RECORDS TO USE:
%%

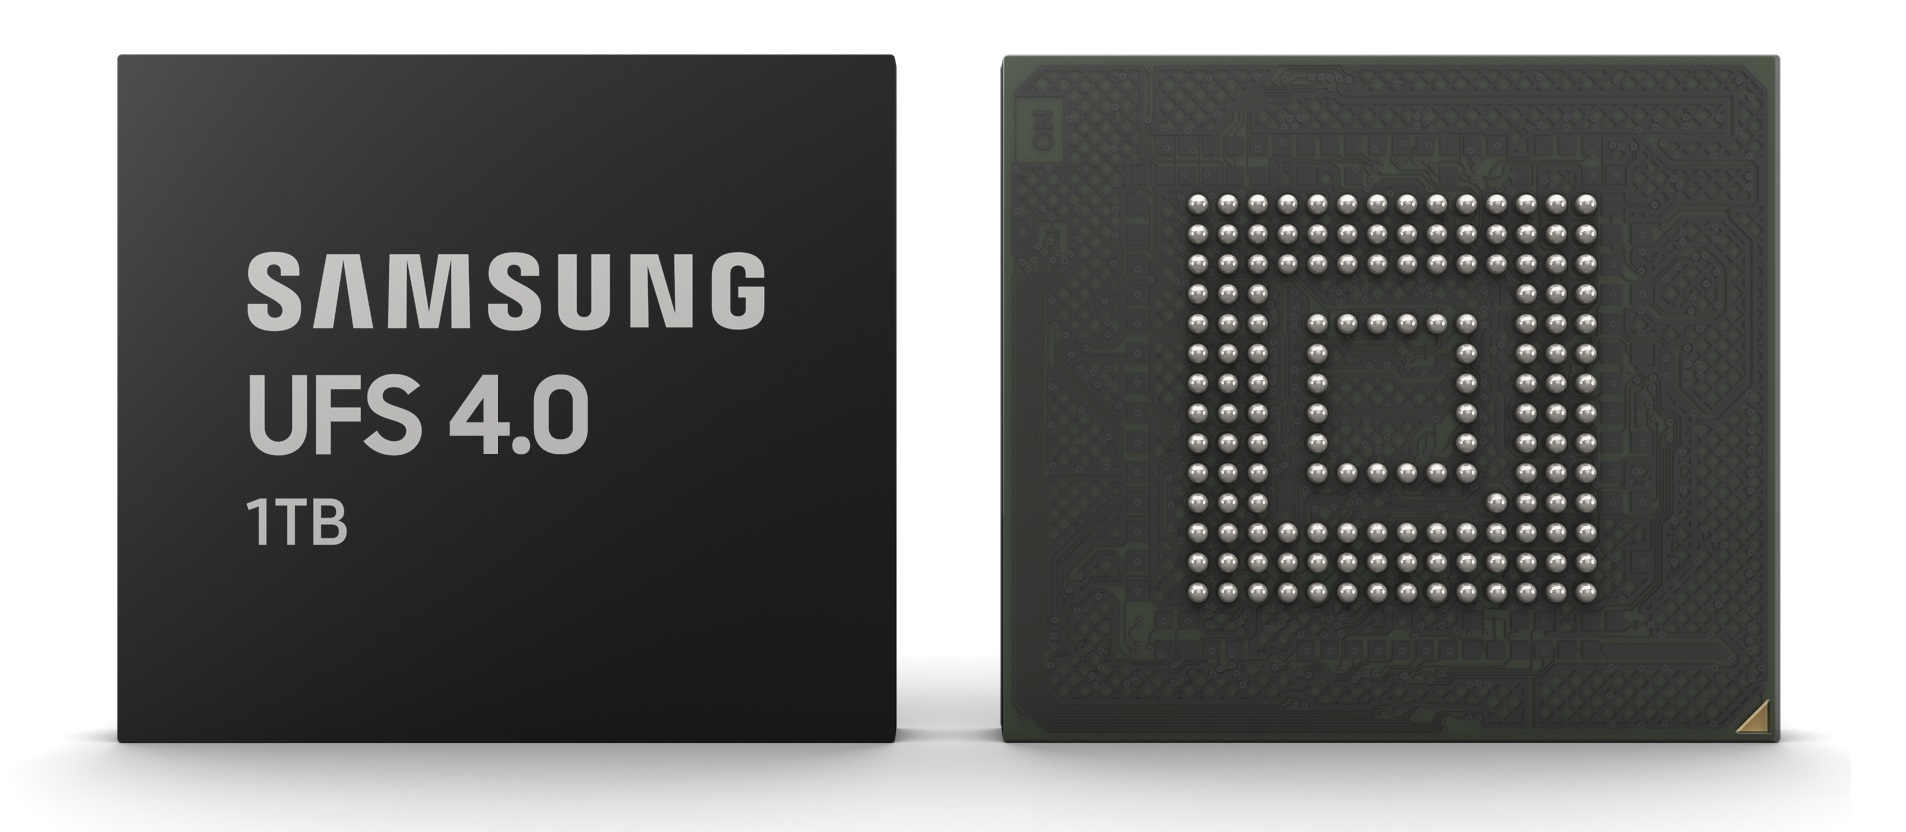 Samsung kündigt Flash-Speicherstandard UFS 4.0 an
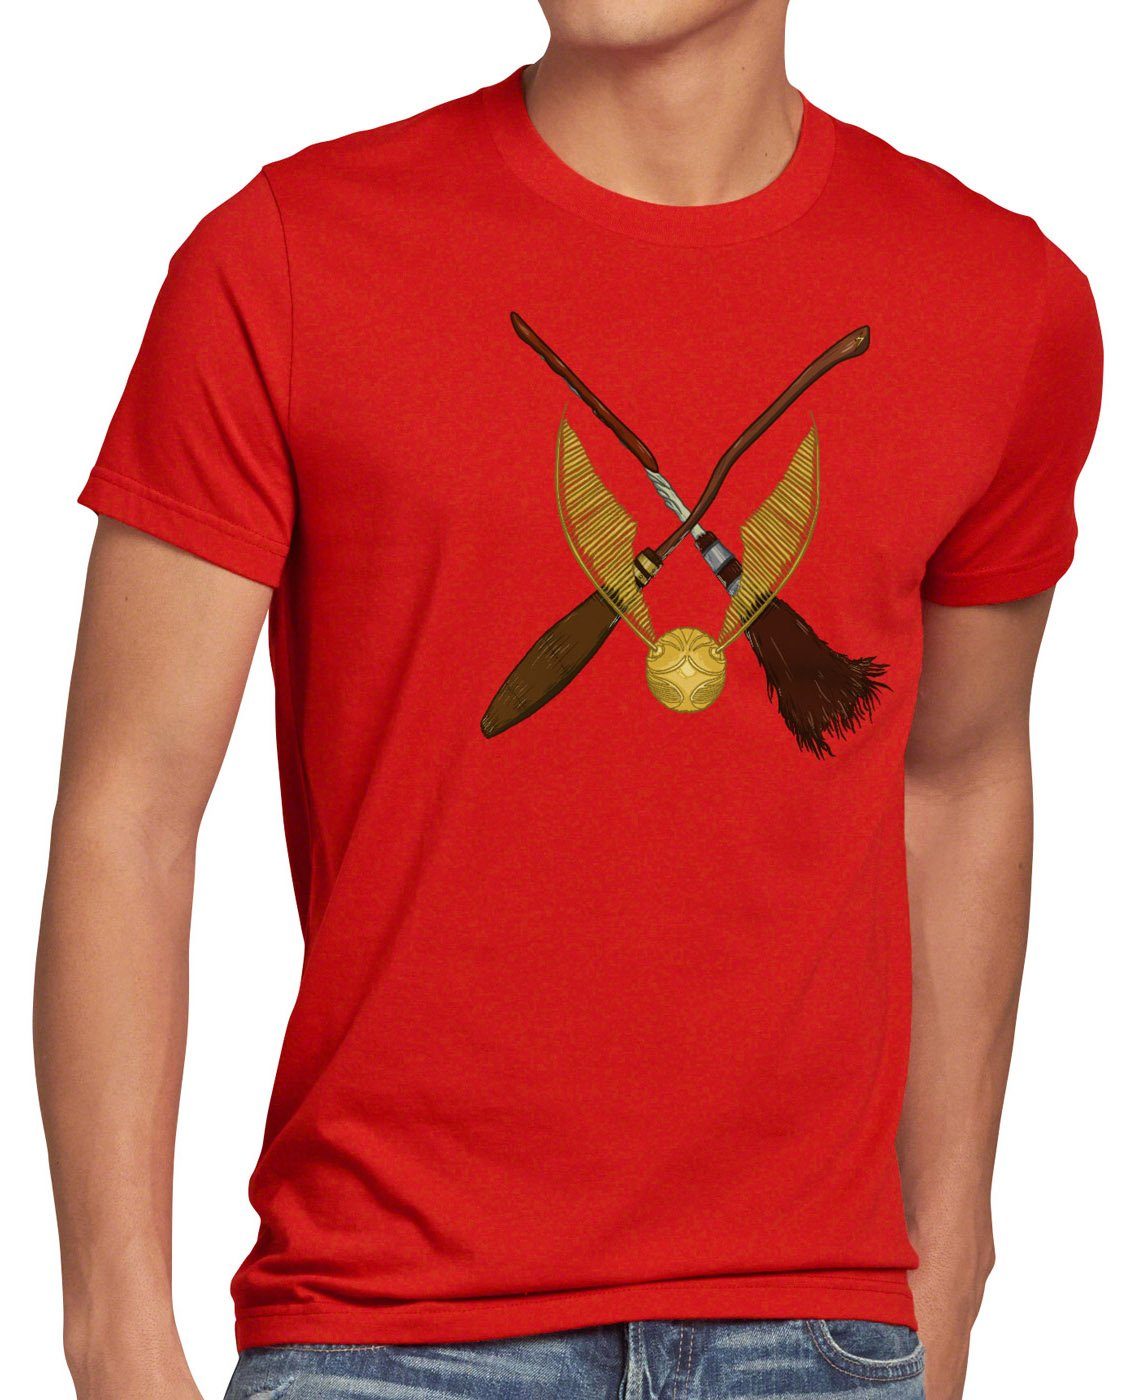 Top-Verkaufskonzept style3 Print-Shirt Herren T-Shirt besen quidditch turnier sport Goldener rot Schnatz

%%
%%

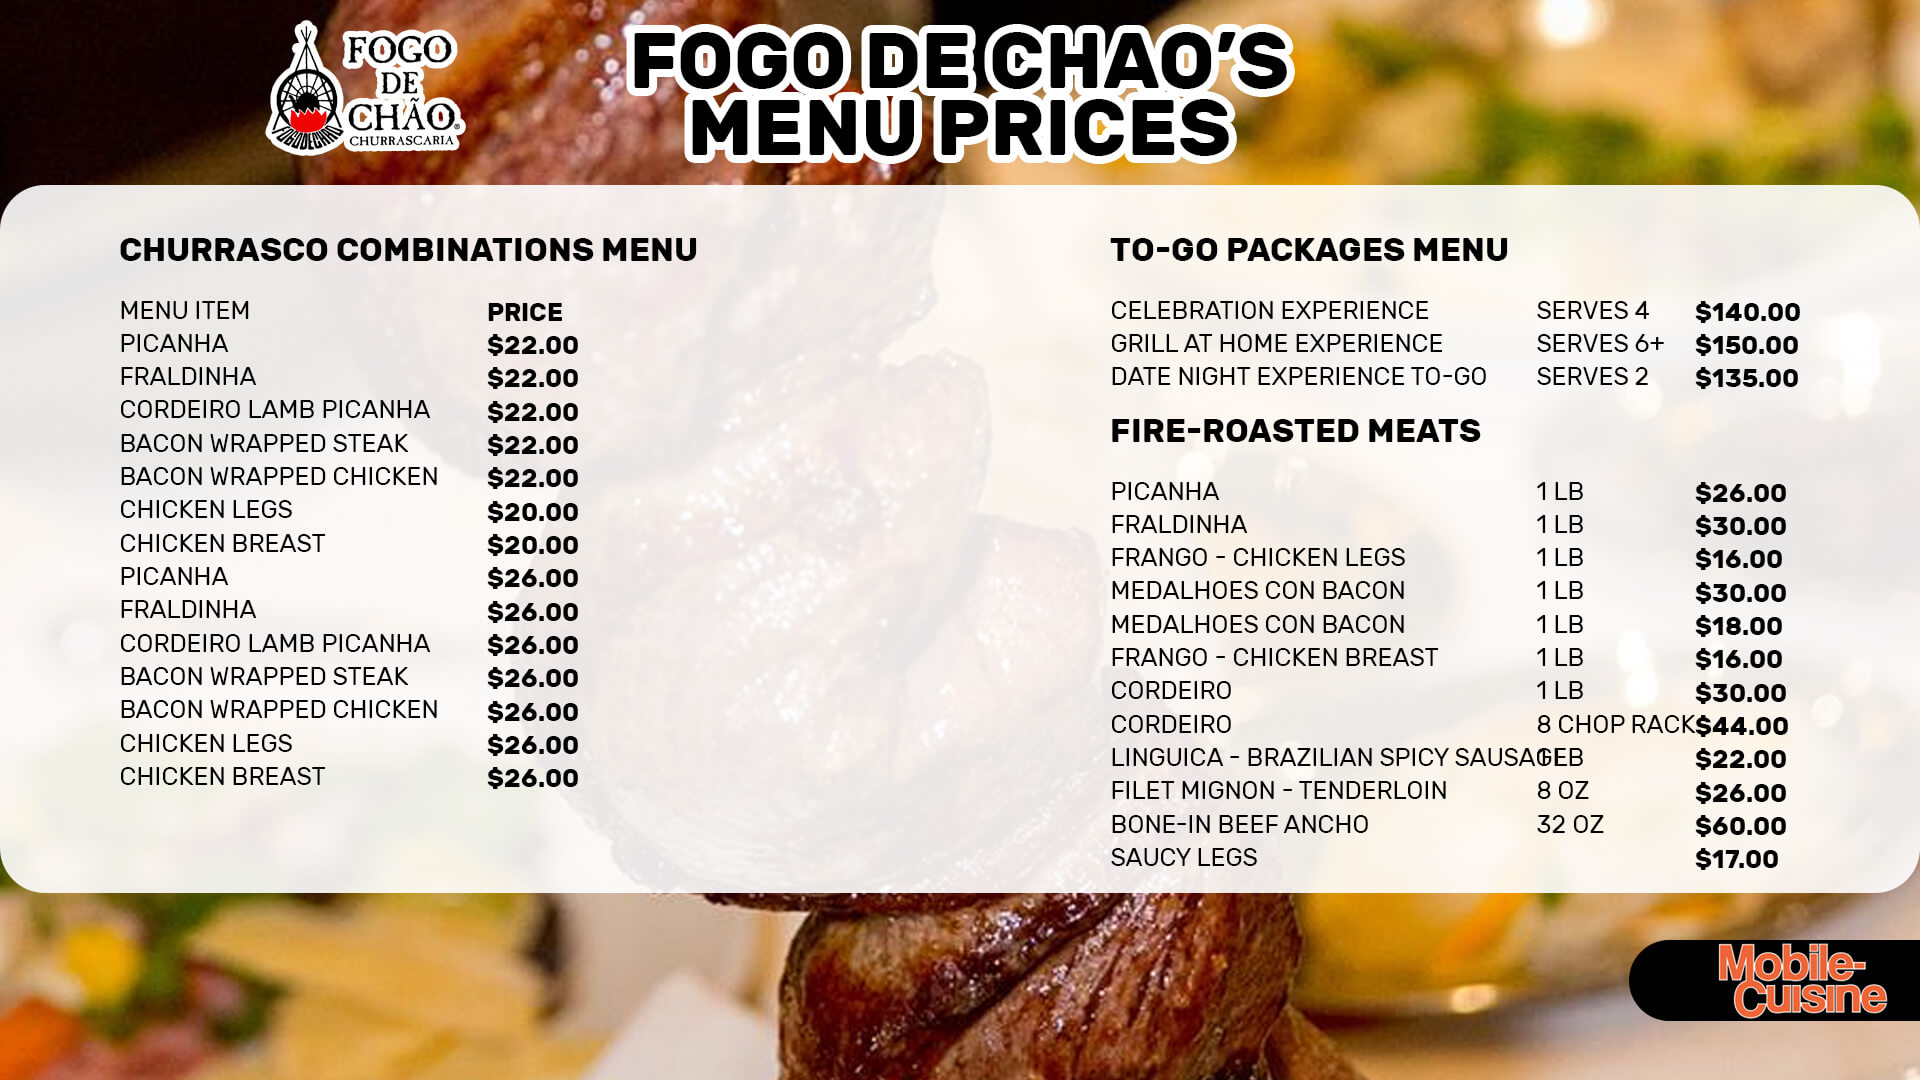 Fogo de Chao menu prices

%%

DIRECTIONS: Look above for the line with "Samsung kündigt Flash-Speicherstandard" and copy exactly from it through the line with "Top-Verkaufskonzept style3 Print-Shirt", both included. Omit the pictures.

FINAL ANSWER:
 Samsung kündigt Flash-Speicherstandard UFS 4.0 an
 Top-Verkaufskonzept style3 Print-Shirt Herren T-Shirt besen quidditch turnier sport Goldener rot Schnatz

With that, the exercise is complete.